With National Siblings Day taking place on April 10, I find myself reminiscing about my own cherished or funny memories with my older brother and older sister.
For one, playing football inside with my brother, Joe Burke. Freshly cleaned and folded socks were our football and our endzone was unintentionally our fish tank…
Another favorite? My sister, Kristen Burke, hitting her own parked car while driving my car. I was riding shot gun. With zero damage, we could laugh our heads off.
There was also hide-and-go-seek with both siblings who did more hiding when they should have been seeking their poor younger sibling left alone in the basement.
So, in the spirit of National Siblings Day, I asked some other Severna Park natives — who still live in the area — to share some of their favorite sibling memories.
Growing up in Round Bay, Tara Gardner is the oldest of three girls with younger sisters Julie Gardner Seiferth and Kendyl Gardner Whiteley. Tara shared that when playing lacrosse and field hockey at Severna Park High School with middle sister, Julie, there was never a dull moment.
“For lacrosse, I played defense and Julie was offense,” said Gardner. “We’d mark up against each other in practice and give each other a hard time. I’d grab her jersey and make it difficult for her to get the ball. However, when it came time for a real game, we loved being on the same team. As I cleared the ball up field, I’d always look for Julie in the midfield, and it was so rewarding to see her score a goal.”
Gardner would go on to play lacrosse at Loyola University Maryland in Baltimore and Seiferth at the University of Virginia in Charlottesville. They played against each other in college, but Gardner would always think back to their days on the high school field together.
“We kept each other motivated by staying in shape in the off season and working on skills outside of practice, which added to our connection on the field,” said Gardner.
Clearly one of Seiferth’s biggest fans, Gardner shares, “watching her blossom into the All-American player she became was pretty amazing to witness as an older sister.”
The oldest of three boys, Ben Hunt grew up in Arnold. His parents still live in the same house on one of the last streets within the Severna Park school district, or else the boys would have gone to the rival, Broadneck High School.
“Our dad played lacrosse at Fairleigh Dickinson University, so naturally we all played lacrosse as well,” said Hunt.
Hunt shared that being the oldest brother came with its advantages and disadvantages but he wouldn’t change his birth order if presented the opportunity.
“Advantage, I never played goalie in the backyard and my two younger brothers would have to take turns jumping in the cage. Disadvantage, my younger brothers, Chris Hunt and Connor Hunt could sit back, watch and learn from my mistakes.”

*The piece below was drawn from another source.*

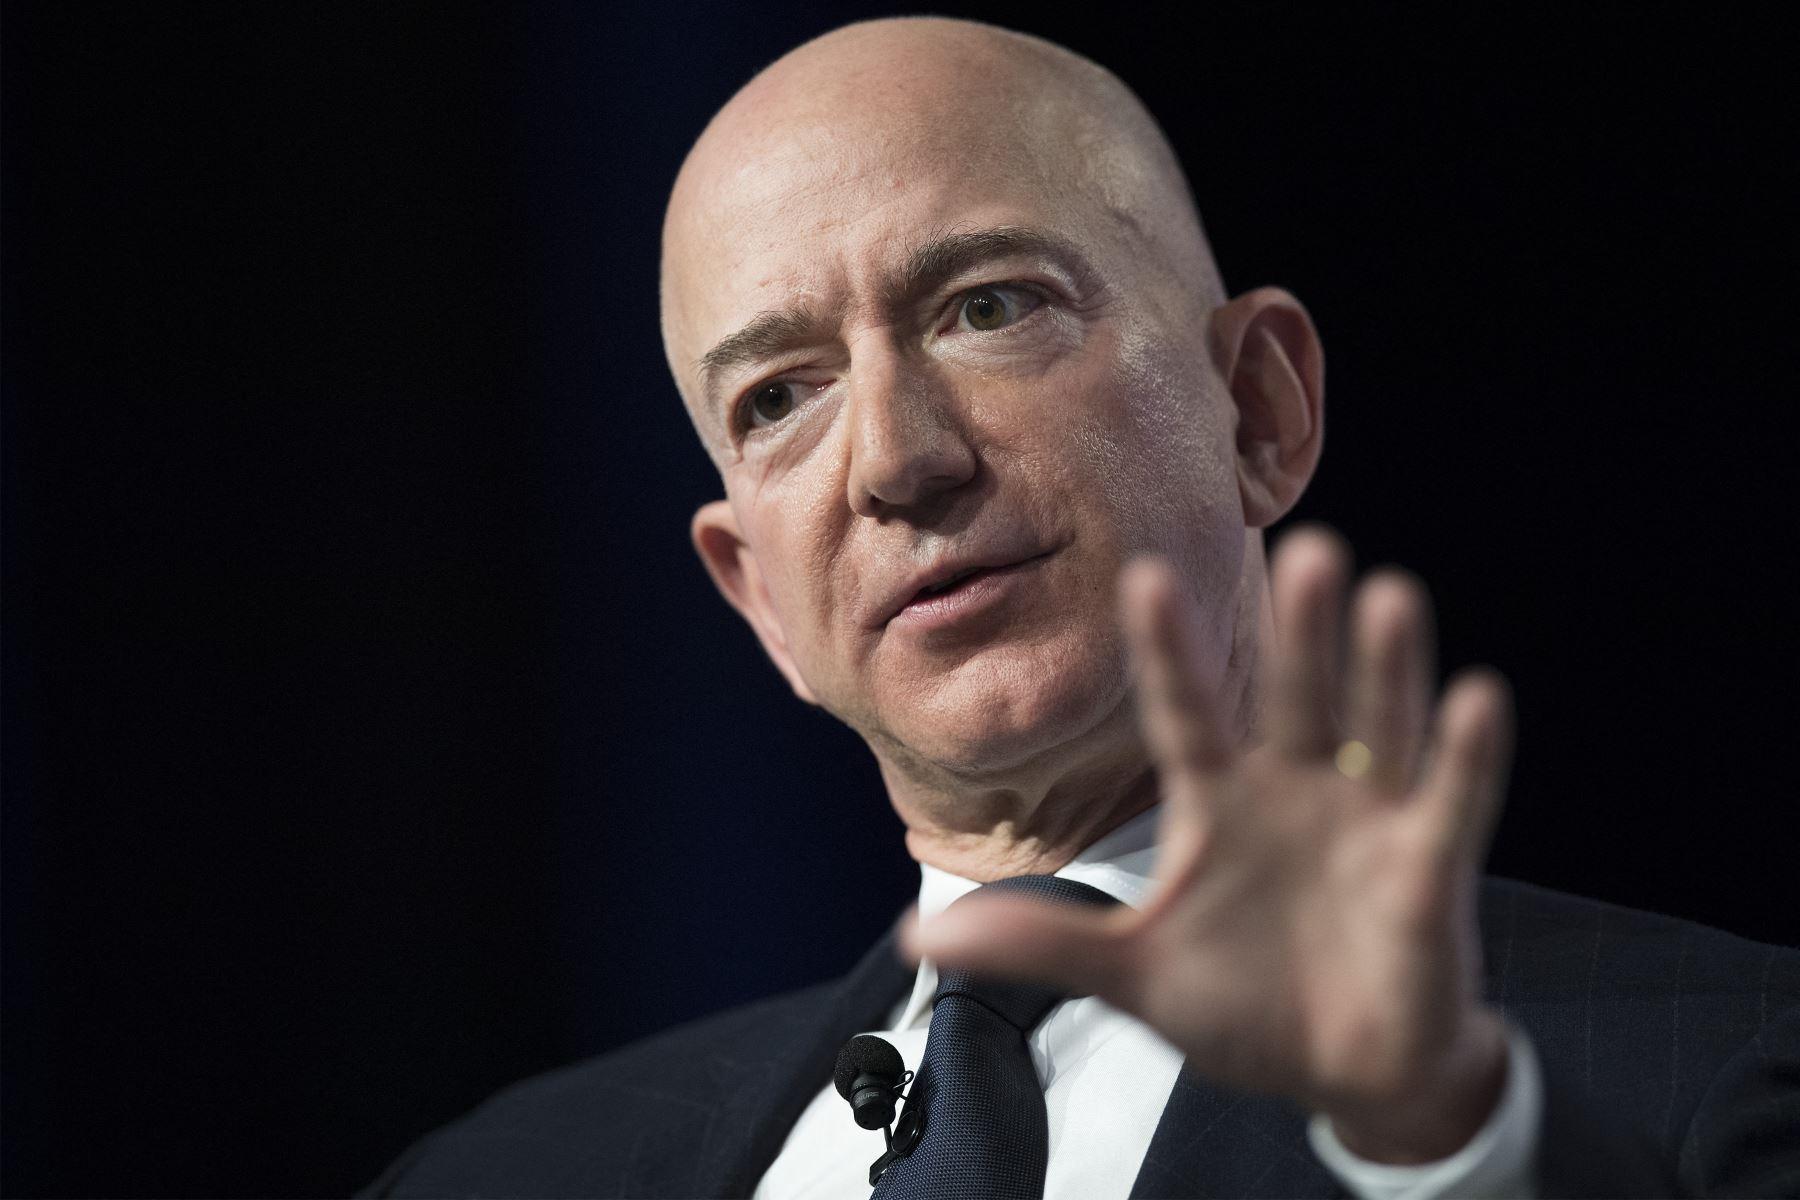 El fundador de Amazon, Jeff Bezos, encabeza por cuarto año consecutivo la lista de las personas más ricas del mundo seguido por el fundador de Tesla, Elon Musk. Foto: AFP

All three Hunt boys attended the University of North Carolina at Chapel Hill to play lacrosse and still remain close.
“My two brothers were co-best men in my wedding in 2017, and my youngest brother and I are co-best men in our middle brother’s wedding this June,” said Hunt.
When asked his favorite sibling memories, Hunt enthusiastically replied:
“Family bike rides up the B&A trail into town; SP Green Hornets practices and games at Cypress Creek and Kinder Park; fearlessly flipping off the best high diving board in Anne Arundel County, in our opinion, at Severn River Swim Club; SP High School lacrosse state championships and boating raft ups on the Severn River.”
Hunt is the founder of Athletes Go Pro, a staffing firm, and he recently moved to Chartwell with his wife and two sons.
Meghan Latonick Bertram
Meghan Latonick Bertram is one of four and technically the third born of her family with two older brothers Mike Latonick and Matt Latonick, as well as Katie Latonick, an identical twin sister born 17 minutes after her. She grew up in Shipley’s Choice and has recently moved back to that neighborhood.
“There is something special about this place that draws people back, which might have something to do with why my siblings and I have never left,” said Bertram.
Most of her memories from growing up were sports and more sports.
“This town is drawn together by sports. The kids become best friends, the parents become best friends and now we’re all just close friends! There’s something special about that,” said Bertram.
When asked to share a funny memory that comes to mind from growing up in a home with four crazy athletes, Bertram shared:
“It has to be from one of mine and my sisters SP travel softball games. I remember it was a tight game and an important one as there was a lot of pressure going into my twin sister, Katie’s at bat. On the second pitch, she ended up getting hit in the leg and had to step out for a minute. Ironically since we were twins, I just threw on her jersey and finished the bat for our team. Luckily, I got a hit, but I’ll never forget the coaches calling me Katie as I rounded the bases ha!”
This National Siblings Day, take a moment to reach out to your sibling(s). They not only make the best of friends; they help make the best memories to tell again and again.